Never use chmod 777. It gives every user on the system full access to your files. Instead, fix ownership with chown and use minimal permissions like 755 for directories and 644 for files.

Configure load testing metrics and monitoring

Set up Grafana dashboards

Create comprehensive Grafana dashboards to visualize Airflow performance metrics during load testing.

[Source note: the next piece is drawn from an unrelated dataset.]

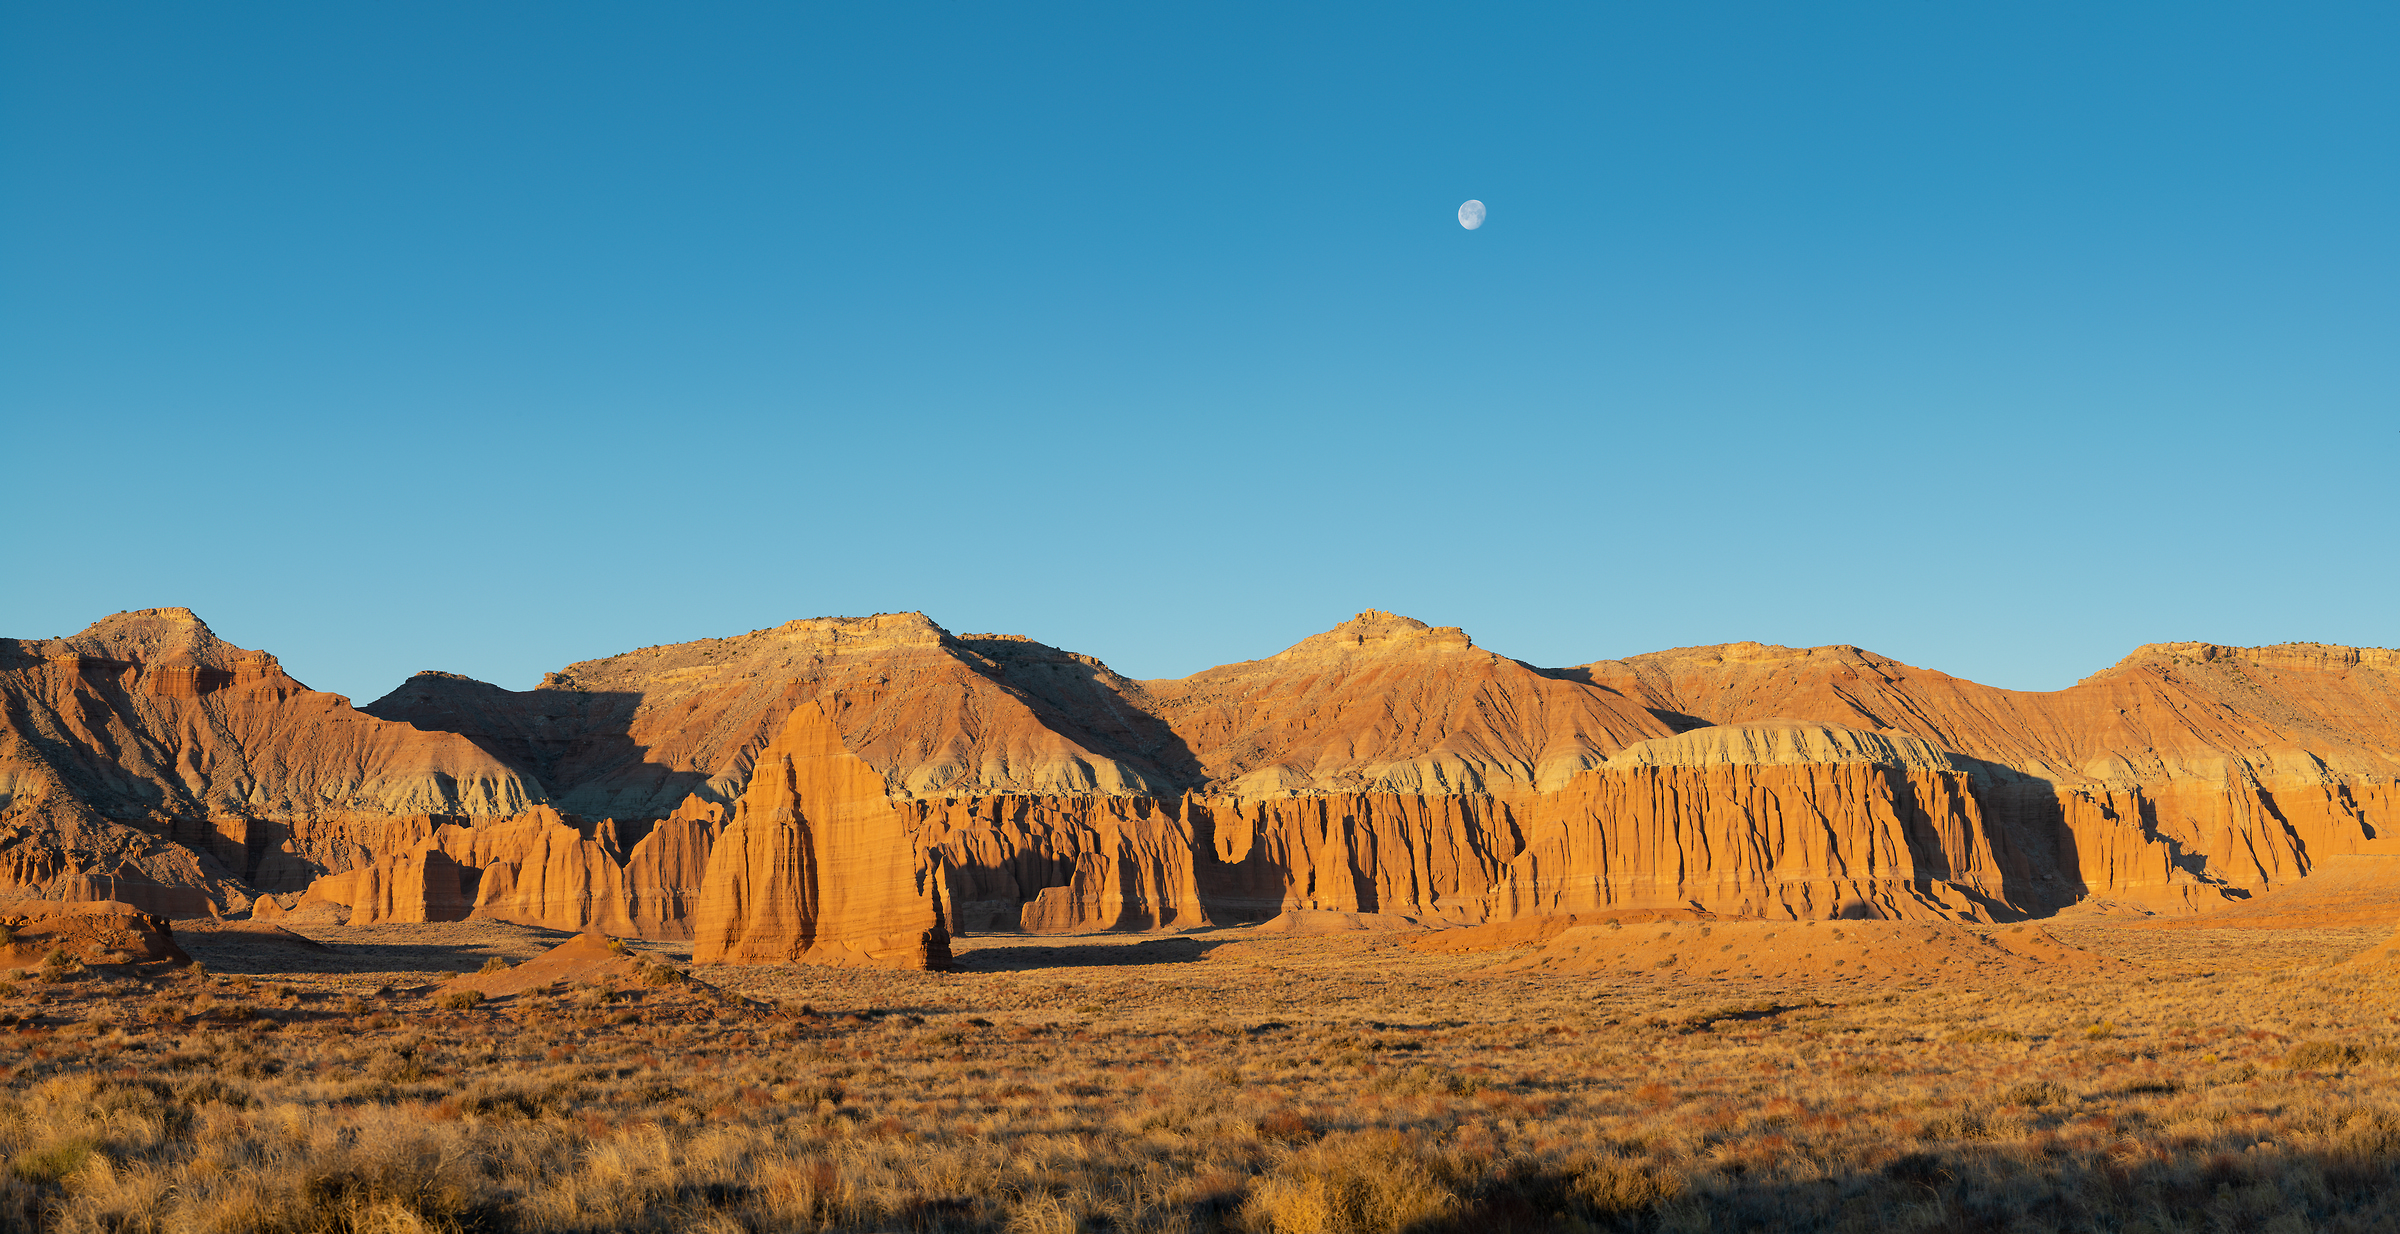 291 megapixels! A very high resolution, large-format VAST photo print of a Utah landscape with moon; big wallpaper photograph created by Greg Probst in Capitol Reef National Park, Utah.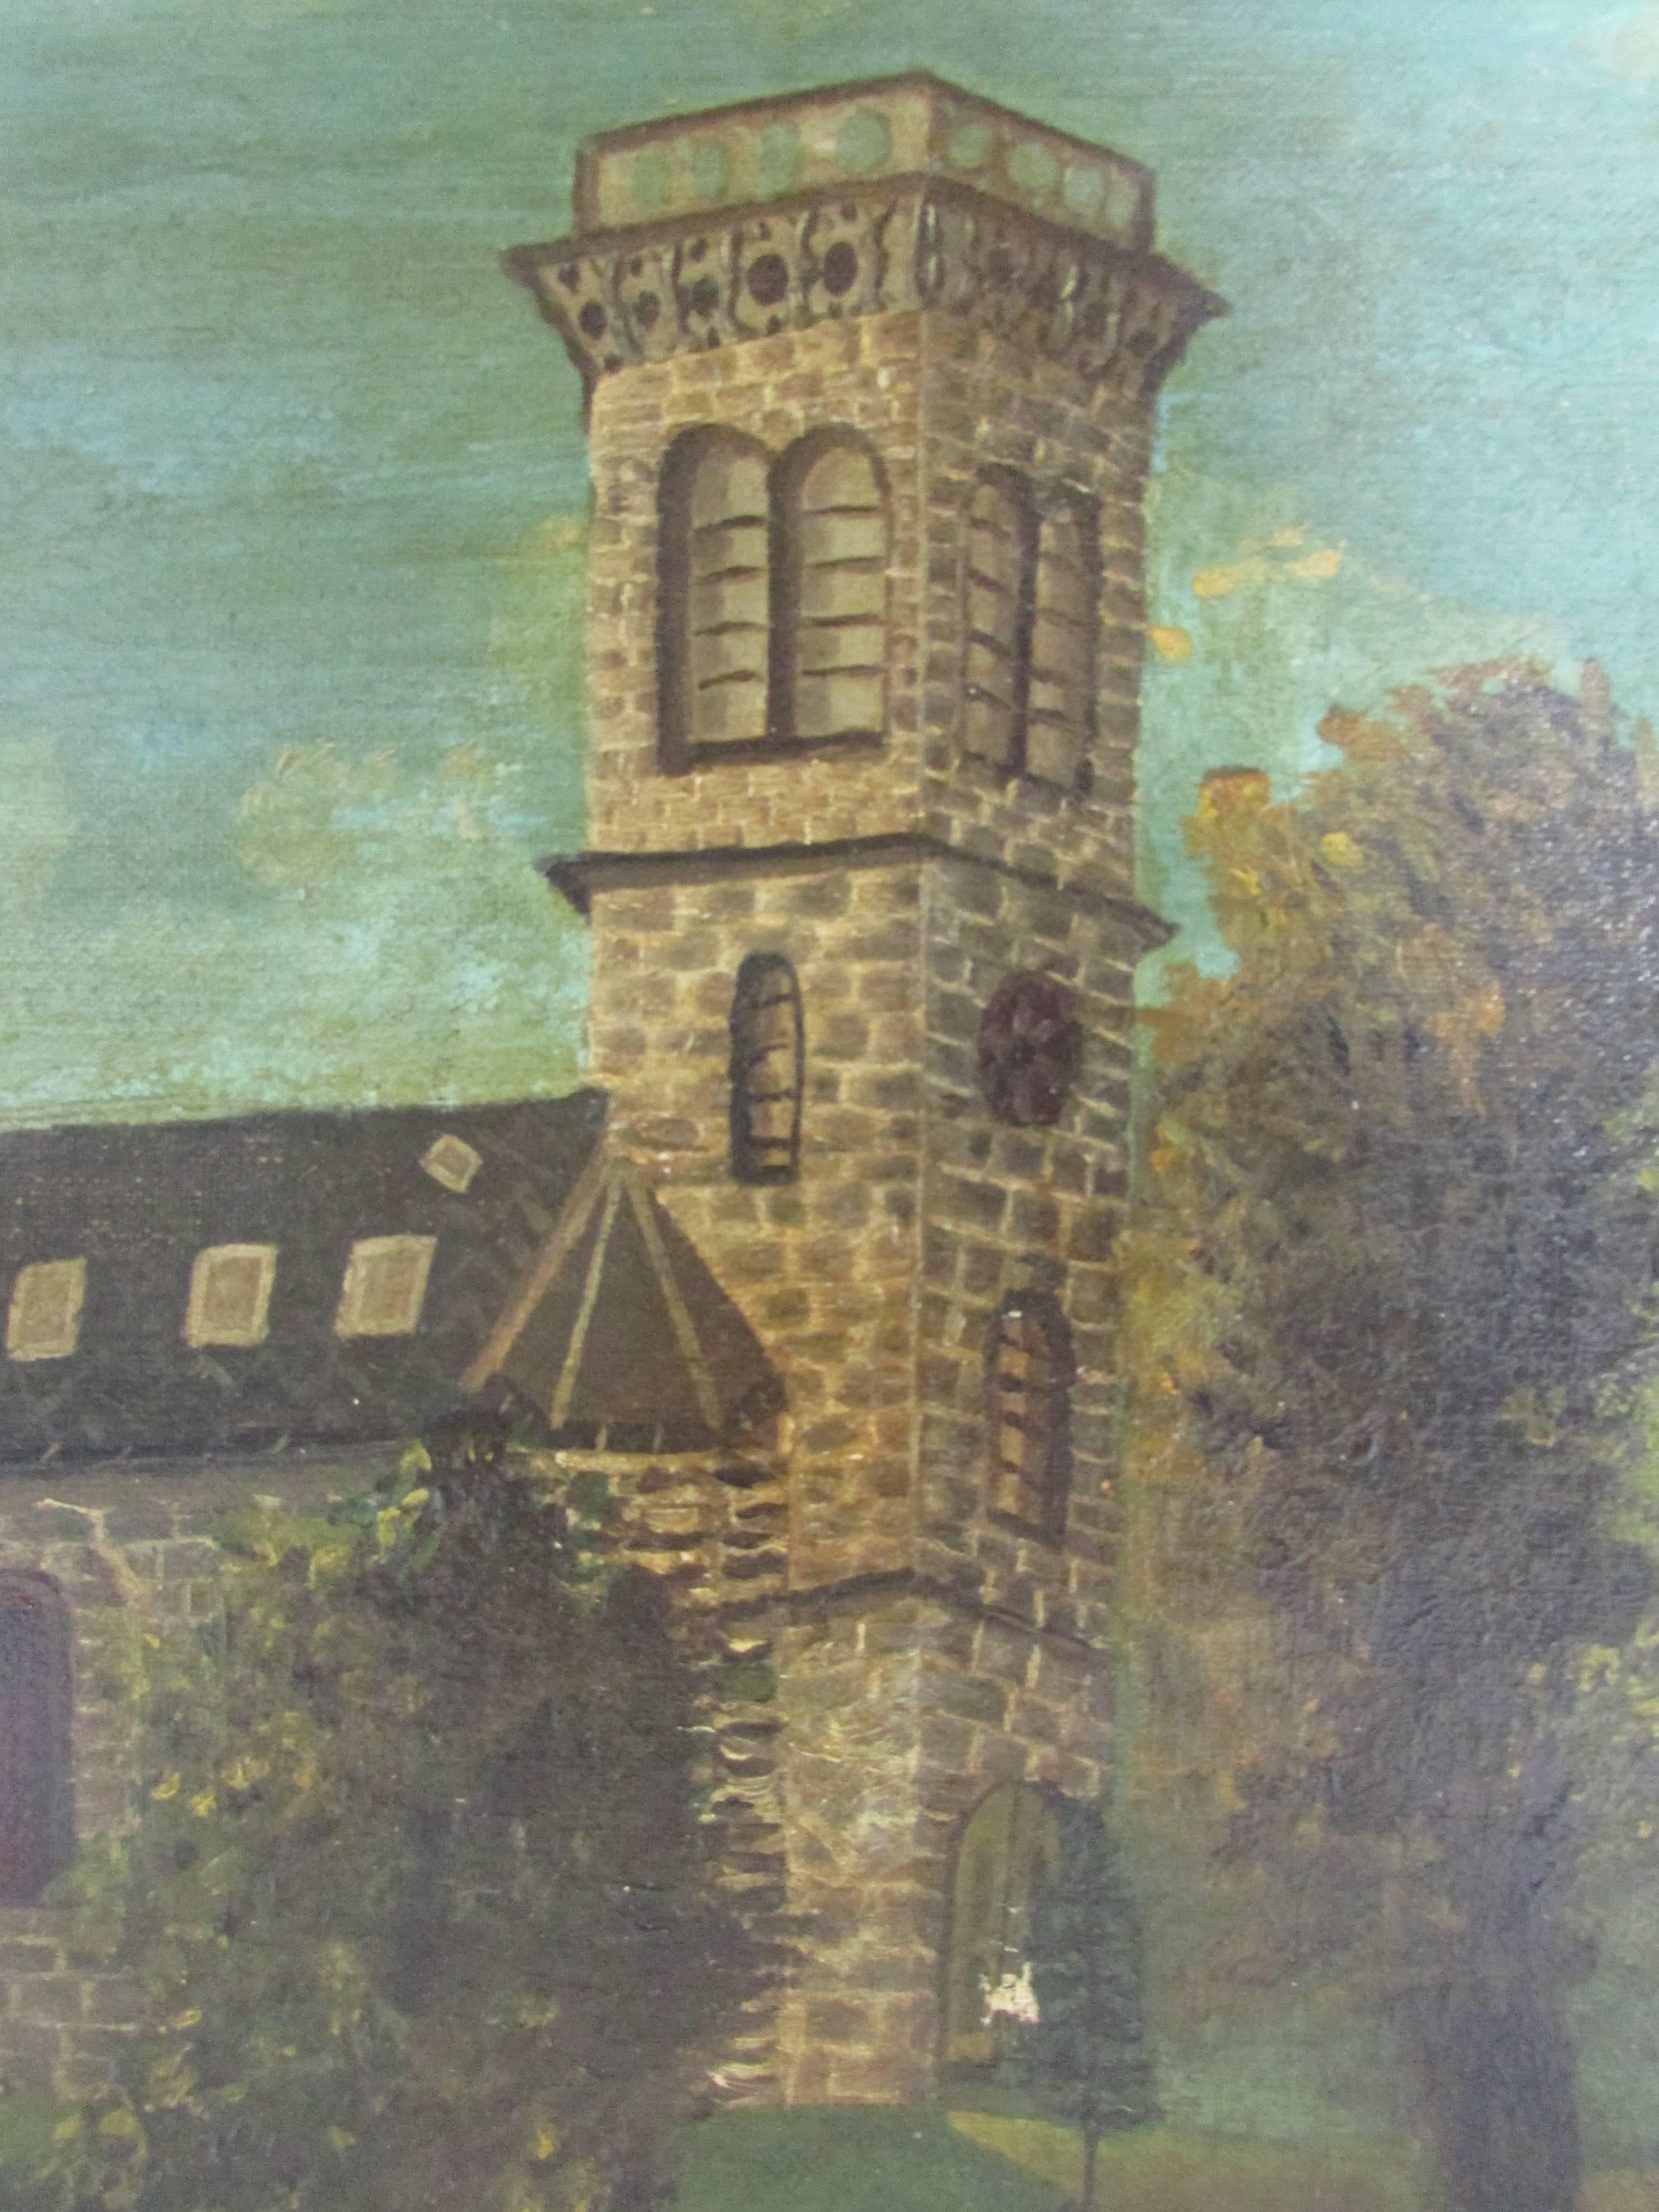 This is a lovely small painting of a countryside castle oil on canvas signed and dated 'MK 1886.'  On the backside, on the wood frame it reads, "PAT. OCT 7 '84."

This complements our existing Airflow monitoring setup.

{
  "dashboard": {
    "id": null,
    "title": "Airflow DAG Performance Testing",
    "tags": ["airflow", "performance", "testing"],
    "panels": [
      {
        "id": 1,
        "title": "DAG Run Success Rate",
        "type": "stat",
        "targets": [
          {
            "expr": "rate(airflow_dag_runs_total{state=\"success\"}[5m]) / rate(airflow_dag_runs_total[5m]) * 100",
            "legendFormat": "Success Rate %"
          }
        ],
        "gridPos": {"h": 8, "w": 12, "x": 0, "y": 0}
      },
      {
        "id": 2,
        "title": "DAG Run Duration (P95)",
        "type": "graph",
        "targets": [
          {
            "expr": "histogram_quantile(0.95, airflow_dag_run_duration_seconds)",
            "legendFormat": "P95 Duration"
          }
        ],
        "gridPos": {"h": 8, "w": 12, "x": 12, "y": 0}
      },
      {
        "id": 3,
        "title": "Active DAG Runs",
        "type": "graph",
        "targets": [
          {
            "expr": "sum(airflow_active_dag_runs) by (dag_id)",
            "legendFormat": "{{dag_id}}"
          }
        ],
        "gridPos": {"h": 8, "w": 24, "x": 0, "y": 8}
      }
    ],
    "time": {
      "from": "now-1h",
      "to": "now"
    },
    "refresh": "10s"
  }
}

Configure performance alerts

Set up automated alerts for performance degradation during load testing.

groups:
  - name: airflow_performance
    rules:
      - alert: AirflowDAGHighFailureRate
        expr: |
          (
            rate(airflow_dag_runs_total{state="failed"}[5m]) /
            rate(airflow_dag_runs_total[5m])
          ) * 100 > 10
        for: 2m
        labels:
          severity: warning
        annotations:
          summary: "High DAG failure rate detected"
          description: "DAG failure rate is {{ $value }}% for {{ $labels.dag_id }}"
          
      - alert: AirflowDAGSlowExecution
        expr: |
          histogram_quantile(0.95, airflow_dag_run_duration_seconds) > 300
        for: 5m
        labels:
          severity: warning
        annotations:
          summary: "DAG execution is slower than expected"
          description: "P95 DAG duration is {{ $value }}s for {{ $labels.dag_id }}"
          
      - alert: AirflowSchedulerDown
        expr: |
          time() - airflow_scheduler_heartbeat > 300
        for: 1m
        labels:
          severity: critical
        annotations:
          summary: "Airflow scheduler is not responding"
          description: "Scheduler last heartbeat was {{ $value }}s ago"

Verify your setup

Test your performance testing configuration with a basic load test scenario.

cd /opt/airflow-testing
source venv/bin/activate

Test Locust configuration
locust --version

Verify Airflow API connectivity
curl -u perf_test:SecureTestPass123! http://localhost:8080/api/v1/dags

Run a short performance test
./run_performance_test.sh 5 1 60

Check generated reports
ls -la reports/

Verify metrics collection
python3 metrics_collector.py

Run your first performance test

Execute a comprehensive performance test to baseline your Airflow DAG performance.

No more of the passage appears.